— STORED DATA —
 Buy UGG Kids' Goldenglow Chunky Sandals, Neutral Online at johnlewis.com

* * *

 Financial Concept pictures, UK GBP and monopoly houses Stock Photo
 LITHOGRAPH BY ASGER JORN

--

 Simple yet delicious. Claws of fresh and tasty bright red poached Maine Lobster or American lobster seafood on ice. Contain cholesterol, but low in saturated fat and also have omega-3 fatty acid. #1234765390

— WHAT IS BEING ASKED —
Repeat exactly the lines of the listing above, from the one with "Financial Concept pictures, UK" down to the one with "LITHOGRAPH BY ASGER JORN"; both of those lines belong in the range.

— RESULT —
 Financial Concept pictures, UK GBP and monopoly houses Stock Photo
 LITHOGRAPH BY ASGER JORN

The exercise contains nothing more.